Sunday, February 1, 2009

Sustainability and White Privilege

Fifth in a series of posts about the January Board meeting

There is probably no issue more pressing to the survival of ourselves and our planet than global warming and the toxic effects of what we have been doing to the Earth. Recognizing that, several of us argued forcefully for elevating “sustainability” in our ENDS to a premier position. Twice I heard one of our Board members of color state that they could not in good conscience elevate this concern over our anti-oppression efforts – and then I suddenly got it.

It is hard to be concerned about environmental effects on future generations when you are not sure you and your family will make it through the week. Most of us learned Maslow’s Hierarchy of Needs in Psych 101 – too many of our brothers and sisters are struggling on the bottom levels of that hierarchy. Many of us forget that not having to do so is a privilege that is often tied to our race or ethnicity. I was able to get a good education that lifted me out of fairly humble beginnings, but was also supported by a stable family that was capable of instilling certain value systems that work in the dominant culture, and a system that saw me as capable and worthy of investment.

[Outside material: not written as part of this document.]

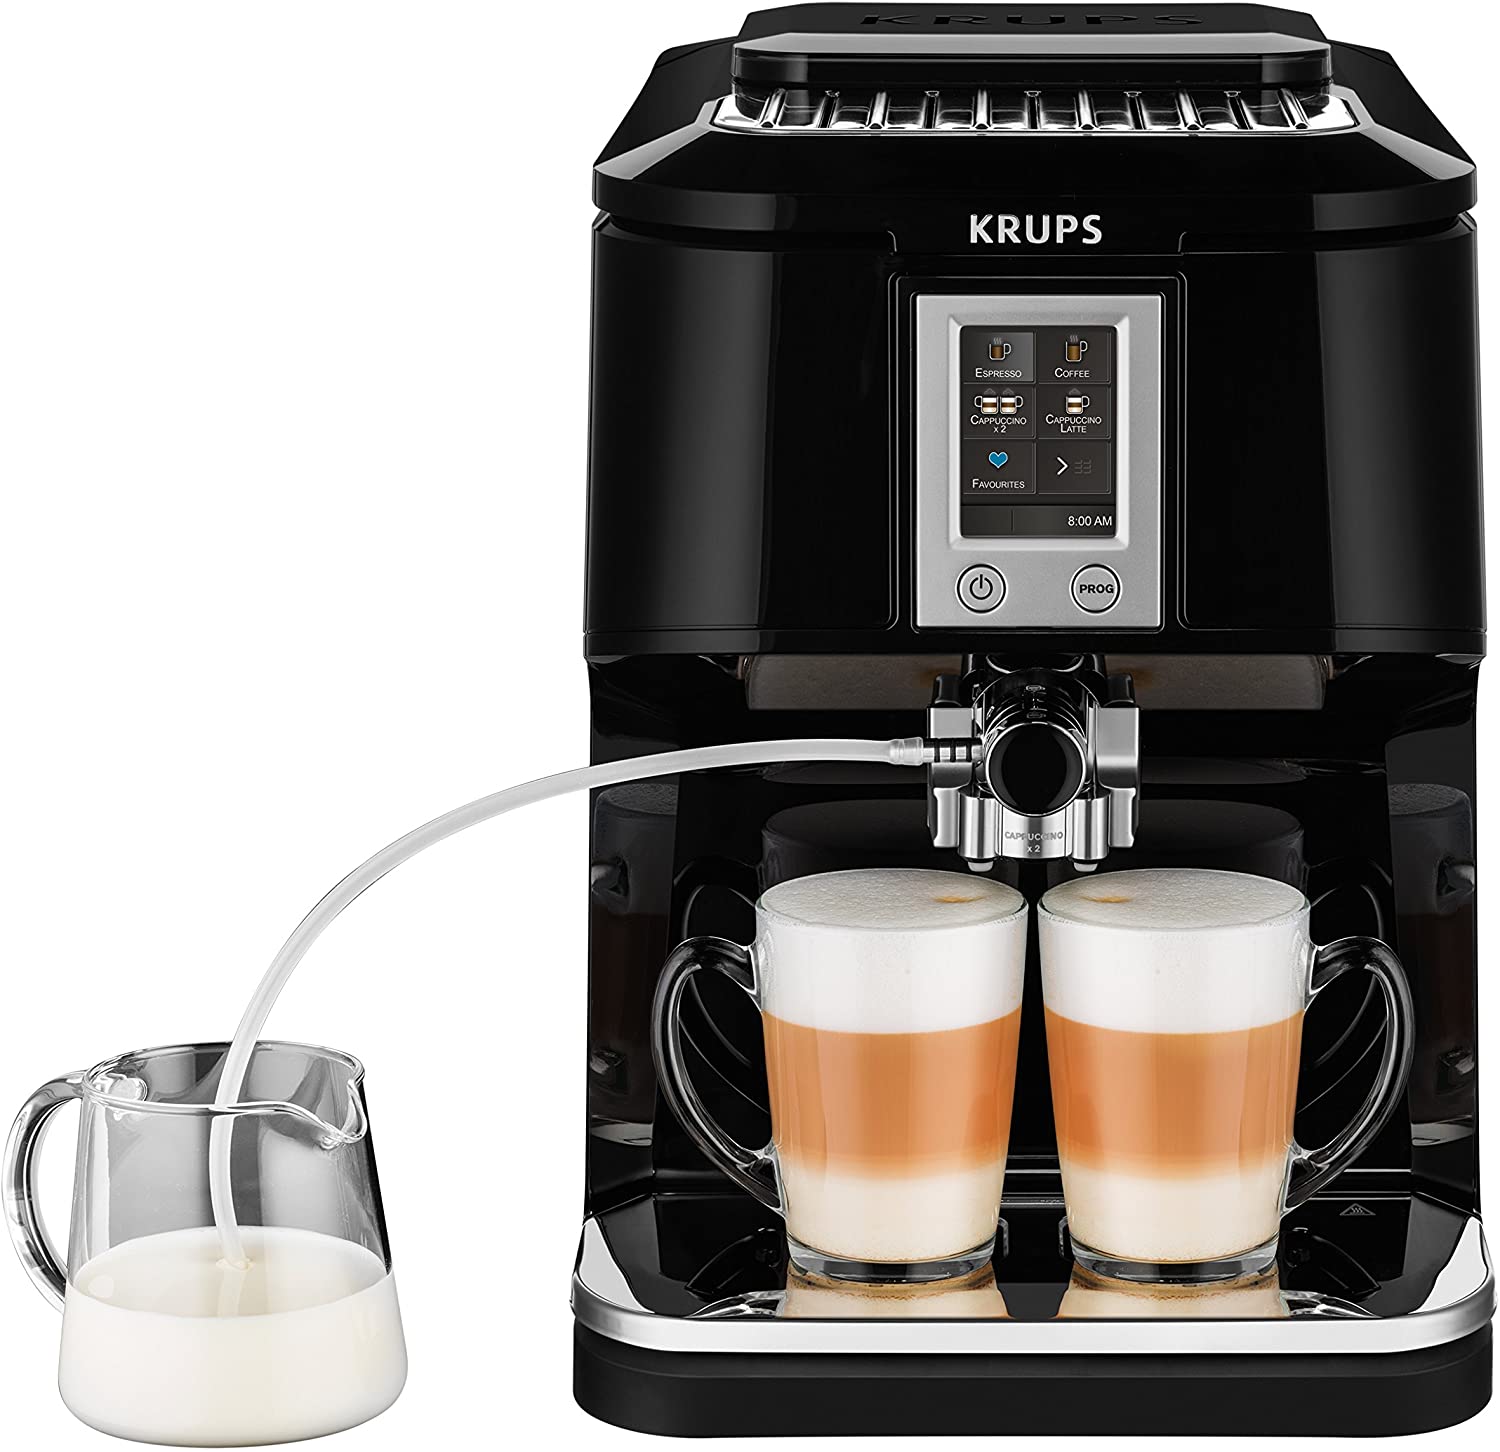 Krups EA8808 Fully Automatic Coffee Machine with Two in One Touch Function, 15 Bar, Touchscreen Colour Display, Stainless Steel / Black

Interestingly, the concept of sustainability includes anti-oppression, though many of us think of it in only environmental terms. According to my friend, CJ Hunter, Principle of Leading Sustainability, there are three pillars of sustainability: “economy, equity, and environment” or “people, planet, prosperity”. She bemoans the fact that the term is often connected only to environment, when you really cannot be sustainable without all three.

We often hear more about the environmental aspect of sustainability because that has been viewed as the weakest - which is probably not the view of those having to face societal oppression on a daily basis.